处理巨大的文本文件 [英] Processing huge text files

查看:148
本文介绍了处理巨大的文本文件的处理方法,对大家解决问题具有一定的参考价值,需要的朋友们下面随着小编来一起学习吧!

问题描述

问题:
我有一个巨大的原始文本文件(假设为3gig),我需要遍历文件
中的每个字,并发现一个字

Problem: I've a huge raw text file (assume of 3gig), I need to go through each word in the file and find out that a word appears how many times in the file.

我的建议解决方案:
将巨大的文件拆分为多个文件,有排序的方式。例如,
a 开头的所有单词将存储在* a.dic 文件中。因此,在任何时候,我们都不会超过26个文件。

My Proposed Solution: Split the huge file into multiple files and each splitted file will have words in a sorted manner. For example, all the words starting with "a" will be stored in a "*a.dic" file. So, at any time we will not execeed more than 26 files.

这种方法的问题是,

我可以使用流读取文件,但想使用线程来读取文件的某些部分。例如,使用单独的线程读取0-1024字节(至少有4-8个线程,基于处理器中存在的处理器数量)。这是可能还是我在做梦?
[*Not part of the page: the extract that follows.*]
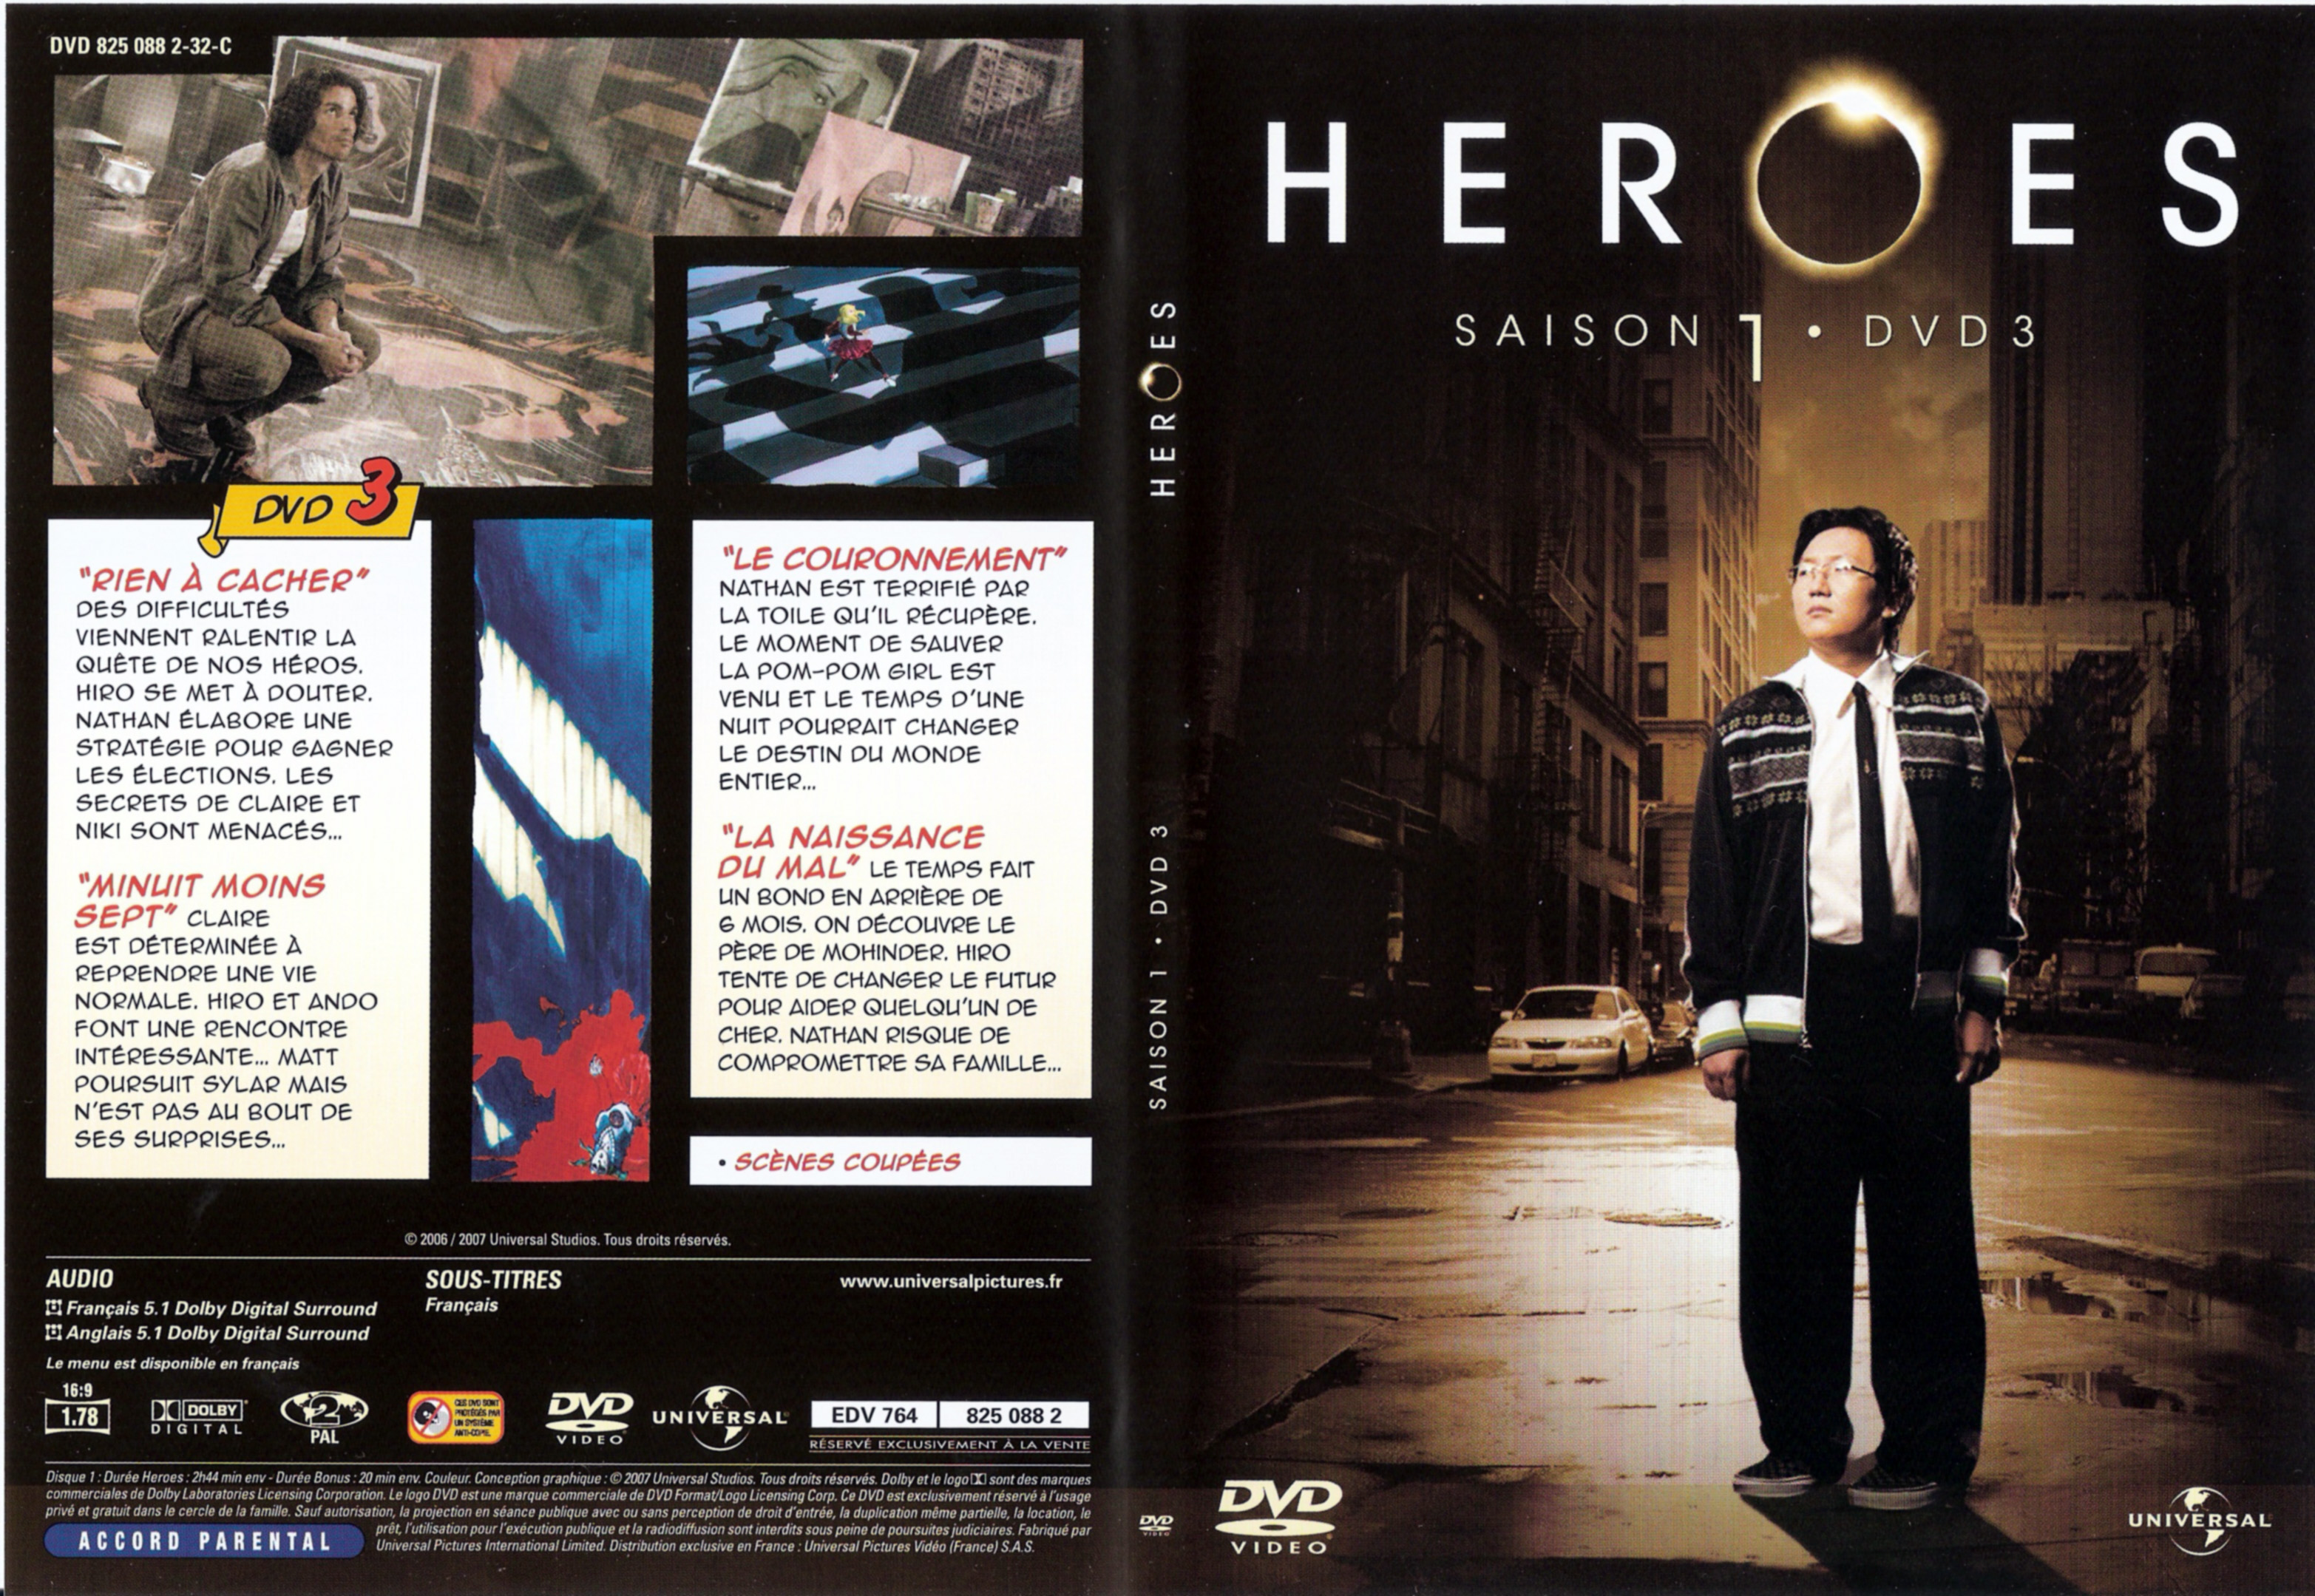 Jaquette DVD Heroes saison 1 DVD 3

I can use streams to read the file, but wanted to use threads to read certain parts of the file. For example, read 0-1024 bytes with a separate thread (atleast have 4-8 threads based on the no. of processors exist in the box). Is this is possible or am I dreaming?

更好的方法吗?

注意: c ++或c基溶液。不允许数据库等。

Note: It should be a pure c++ or c based solution. No databases etc., are allowed.

推荐答案

您需要查看' The Practice of Programming ,特别是第3章。

You need to look at 'The Practice of Programming' by Kernighan and Pike, and specifically chapter 3.

在C ++中,使用基于字符串和计数的映射( std :: map< string,size_t> ,IIRC)。读取文件(一次 - 太大,不能多次读取),将它拆分为单词(对于'word'的某些定义),并增加在您找到的每个单词的地图条目中的计数。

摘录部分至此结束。